According to the S&P Case-Shiller indices, home prices fell 2.5% from July to August.
SAN DIEGO COUNTY, Calif. — San Diego home prices are falling and we’re seeing a record slowdown across the country.
According to the S&P Case-Shiller Indices, house prices fell 2.5% from July to August. San Diego County hasn’t seen such a significant drop since July 2008.
According to realtor.com, In August, the median sales price for a single-family home was $900,000. During the pandemic, the median sales price of a single-family home hovered around $670,000. Annual price growth for San Diego is 12.7% and 13% nationally, according to S&P Case-Shiller indices.
US long-term average mortgage rates rose this week ahead of another expected rate hike by the Federal Reserve when it meets early next month, according to the associated press.

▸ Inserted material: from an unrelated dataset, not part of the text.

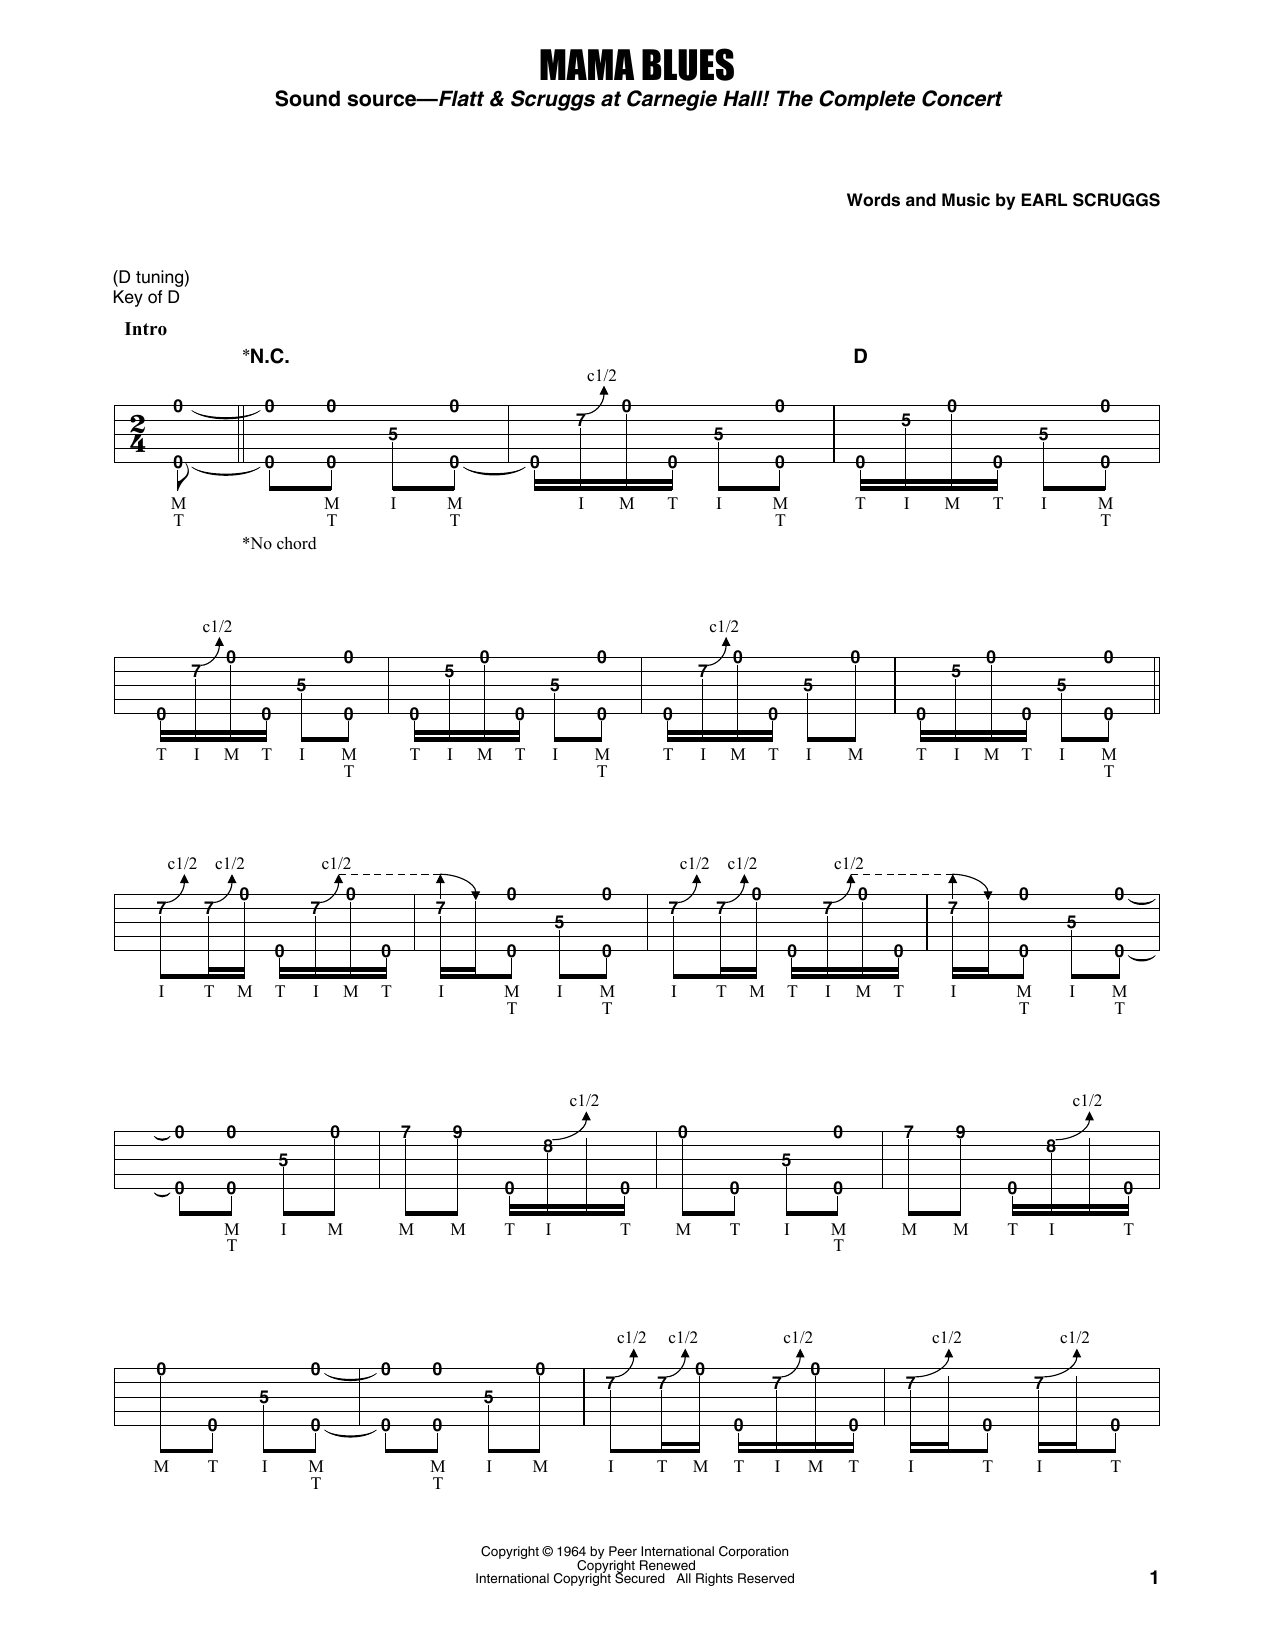 Flatt & Scruggs Mama Blues Sheet Music Notes & Chords for Banjo Tab - Download or Print PDF

Mortgage buyer Freddie Mac reported last week that the key 30-year average rate rose this week to 6.94% from 6.92% last week. Last year at this time, the rate was 3.09%.

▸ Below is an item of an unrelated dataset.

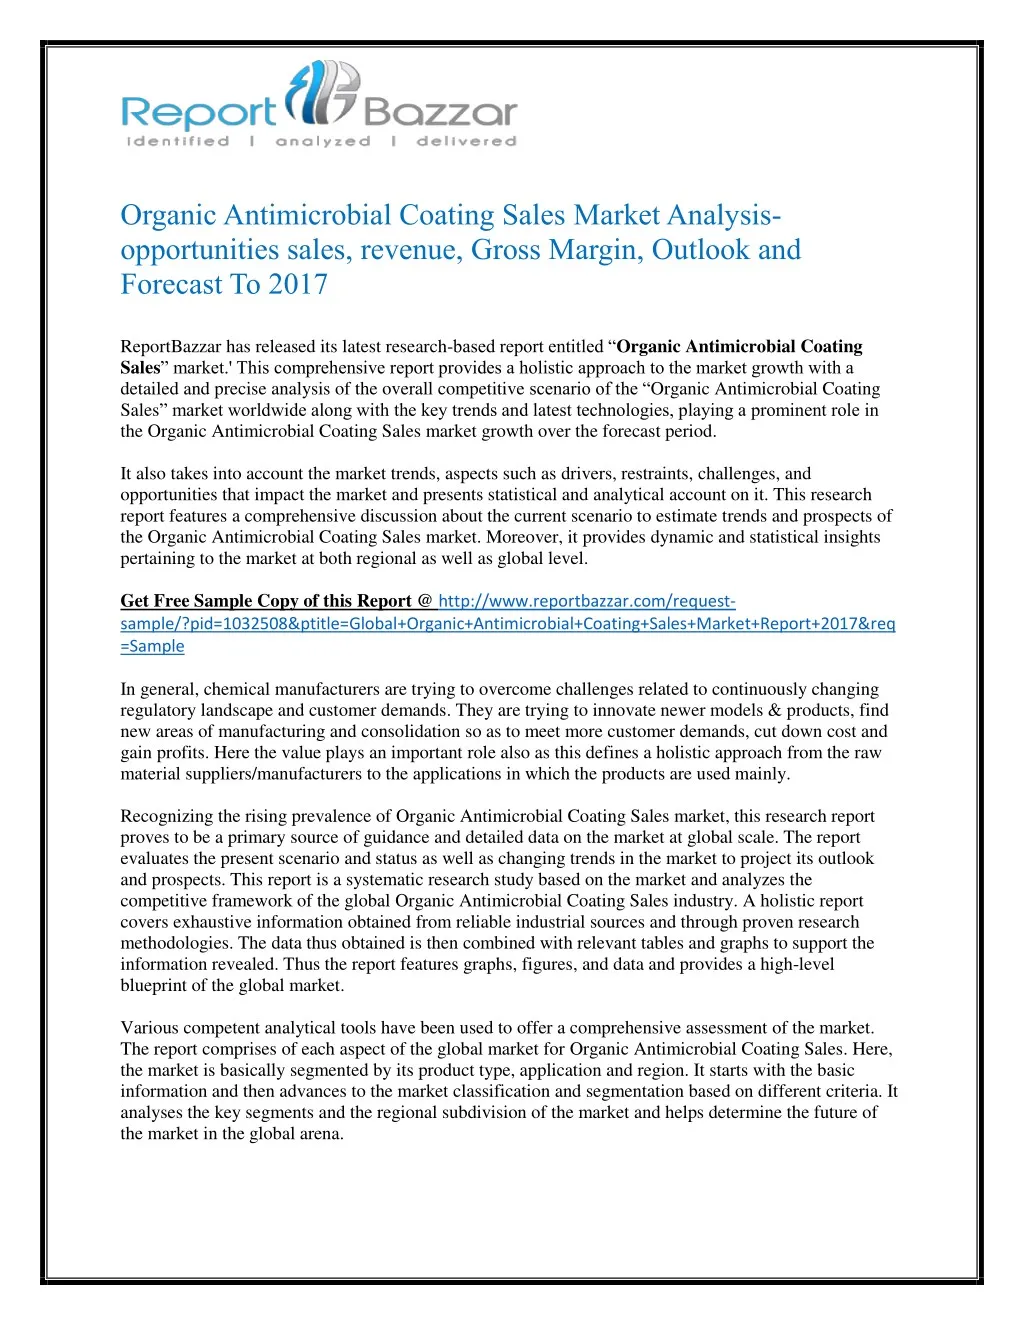 organic antimicrobial coating sales market

The average rate on 15-year fixed-rate mortgages, popular with those looking to refinance their homes, jumped to 6.23% from 6.09% last week. Last week it rose more than 6% for the first time since the 2008 housing market crash. A year ago, the 15-year rate was 2.33%.

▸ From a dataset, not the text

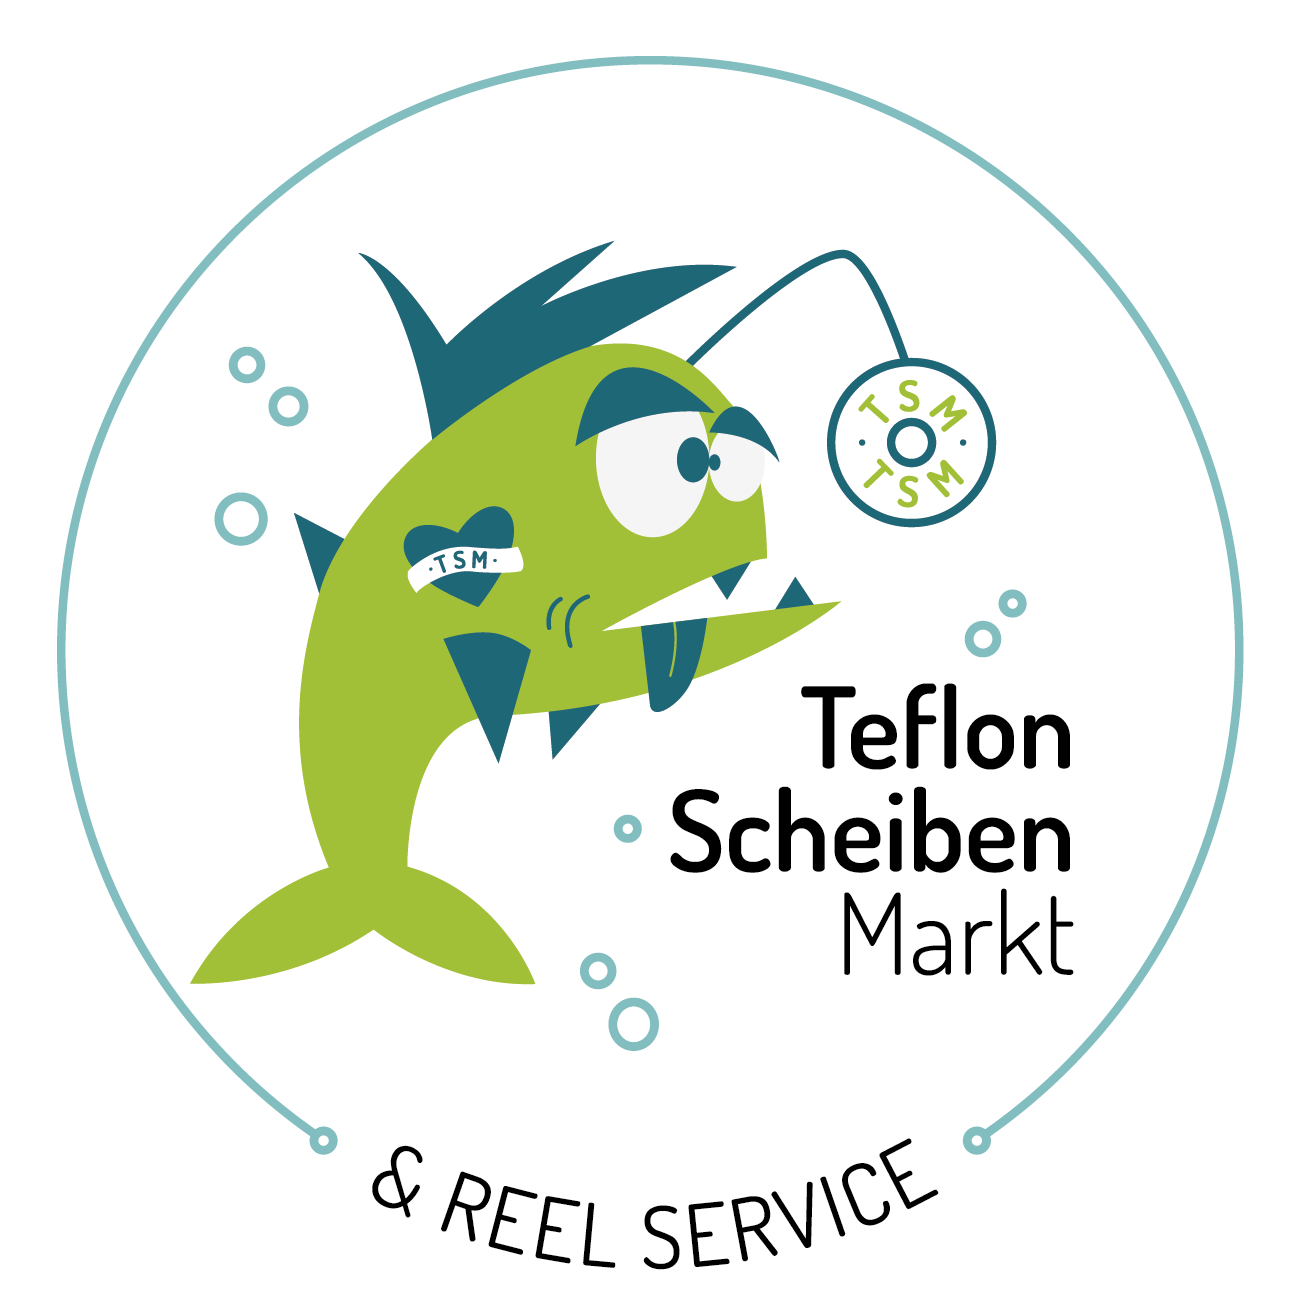 (c) Teflon-scheiben-markt.de

The Fed’s aggressive action has stalled a housing sector that, outside of the start of the pandemic, has been hot for years.
The National Association of Realtors said sales of previously occupied American homes fell in september for the eighth month in a row, as home seekers faced sharply higher mortgage rates, inflated home prices and a limited supply of properties on the market.
Sales fell 23.8% from September last year and are now at the slowest annual pace since September 2012, excluding the sharp sales slowdown that occurred in May 2020 near the start of the pandemic.
Freddie Mac says that for a typical mortgage, borrowers who stayed at the higher end of the rate range over the past year would pay several hundred dollars more than borrowers who signed contracts at the lower end of the range.
In late September, the Federal Reserve raised its benchmark lending rate for another three quarters of a point in an effort to constrain the economy and control inflation. It was the Fed’s fifth increase this year and the third consecutive increase of 0.75 percentage point. The Fed’s next two-day policy meeting begins on November 1, with most economists expecting another big three-quarter point hike.
Despite the Fed’s sharp and rapid rate hikes, inflation hardly moved from 40-year highs and the labor market remains tight.
Earlier this month, the government reported that US employers cut their hiring in September, but still added 263,000 jobs. The unemployment rate fell to 3.5%, matching a half-century low.
Another government report last week showed that consumer inflation stood too high to 8.2%. Combined with inflation of 8.5% at the wholesale level, most economists expect another big increase when the Fed meets in early November.
By raising lending rates, the Federal Reserve makes it more expensive to get a mortgage and a car or business loan. So consumers and businesses presumably borrow and spend less, cooling the economy and slowing inflation.
Mortgage rates don’t necessarily reflect Federal Reserve rate increases, but they do tend to track the yield on the 10-year Treasury note. That’s influenced by a variety of factors, including investor expectations about future inflation and global demand for US Treasuries.
Despite a still strong labor market, the government estimates that the US economy decreased by 0.6% annual rate in the second quarter ending in June, the second consecutive quarterly contraction.